INSTITUT INTERNATIONAL D'AGRICULTURE TROPICALE : Des recommandations intéressantes pour le Gabon

INSTITUT INTERNATIONAL D’AGRICULTURE TROPICALE
Des recommandations intéressantes pour le Gabon

 

Un groupe d’experts issus de l’Institut international d’agriculture tropicale (IITA) a récemment évalué le potentiel du secteur agricole  au Gabon. Le rapport d’évaluation vient d’être remis au ministre en charge de l’Agriculture.

Au bout d’une analyse approfondie, les experts de l’Institut international d’agriculture tropicale (IITA) ont formulé des recommandations focalisées sur quatre points : le système financier, la transformation locale des produits, l’implication des jeunes et le renforcement des capacités des acteurs techniques du secteur.
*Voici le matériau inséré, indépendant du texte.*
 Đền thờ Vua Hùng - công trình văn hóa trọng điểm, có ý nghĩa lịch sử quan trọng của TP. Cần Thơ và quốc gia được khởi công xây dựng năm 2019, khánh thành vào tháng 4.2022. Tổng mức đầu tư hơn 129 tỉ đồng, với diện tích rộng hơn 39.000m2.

Ces différents facteurs devraient être pris en considération pour promouvoir le développement du secteur agricole dans le pays d’après les experts de l’IITA qui viennent de remettre au ministre de l’Agriculture le rapport de leur mission d’évaluation au Gabon.

Le rapport établi par ces experts sera mis à profit par le ministère afin de mettre en œuvre les ambitions véhiculées par le président Ali Bongo Ondimba pour le secteur agricole. Le ministre Yves Fernand Manfoumbi, en charge de l’Agriculture, de l’Elevage et du programme Graine, a affirmé qu’il est question dans un premier tems de «remettre sur pied un système financier chargé d’aider les agriculteurs, non seulement à mieux gagner leur vie grâce à leur activité, mais surtout de disposer de semences de qualité pour que nous puissions garantir la sécurité alimentaire et nutritionnelle des Gabonais».
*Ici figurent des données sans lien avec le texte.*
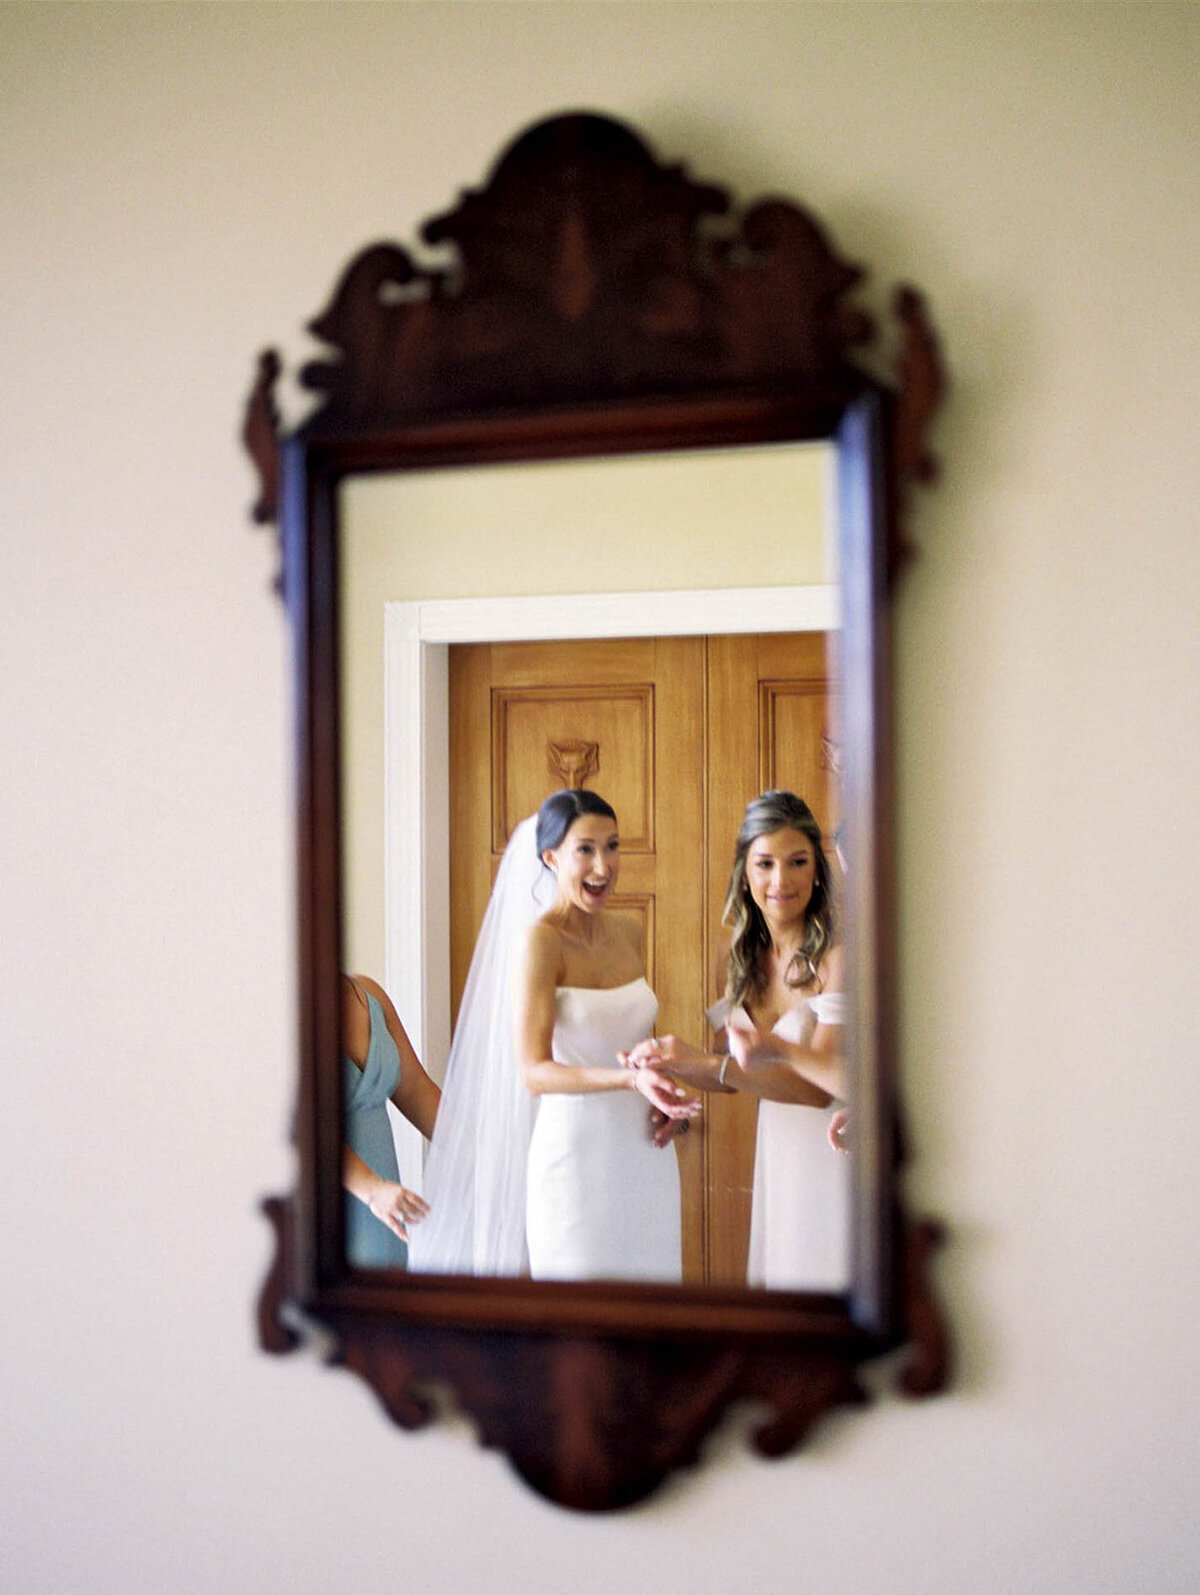 A bride with joy through a mirror  at bridal suite

L’augmentation de la production vivrière fait partie ainsi des priorités actuellement. Mais pour y parvenir, une nouvelle organisation en ce qui concerne le développement et la promotion des semences de qualité est nécessaire.

Au niveau du ministère de l’Agriculture, on est persuadé que si les recommandations du rapport d’évaluation effectué par les experts de l’IITA sont suffisamment prises en considération, le secteur agricole pourra évoluer sensiblement dès les prochaines années au Gabon. En sachant que, depuis des décennies, le pays importe massivement des denrées alimentaires alors que le potentiel agricole est réel.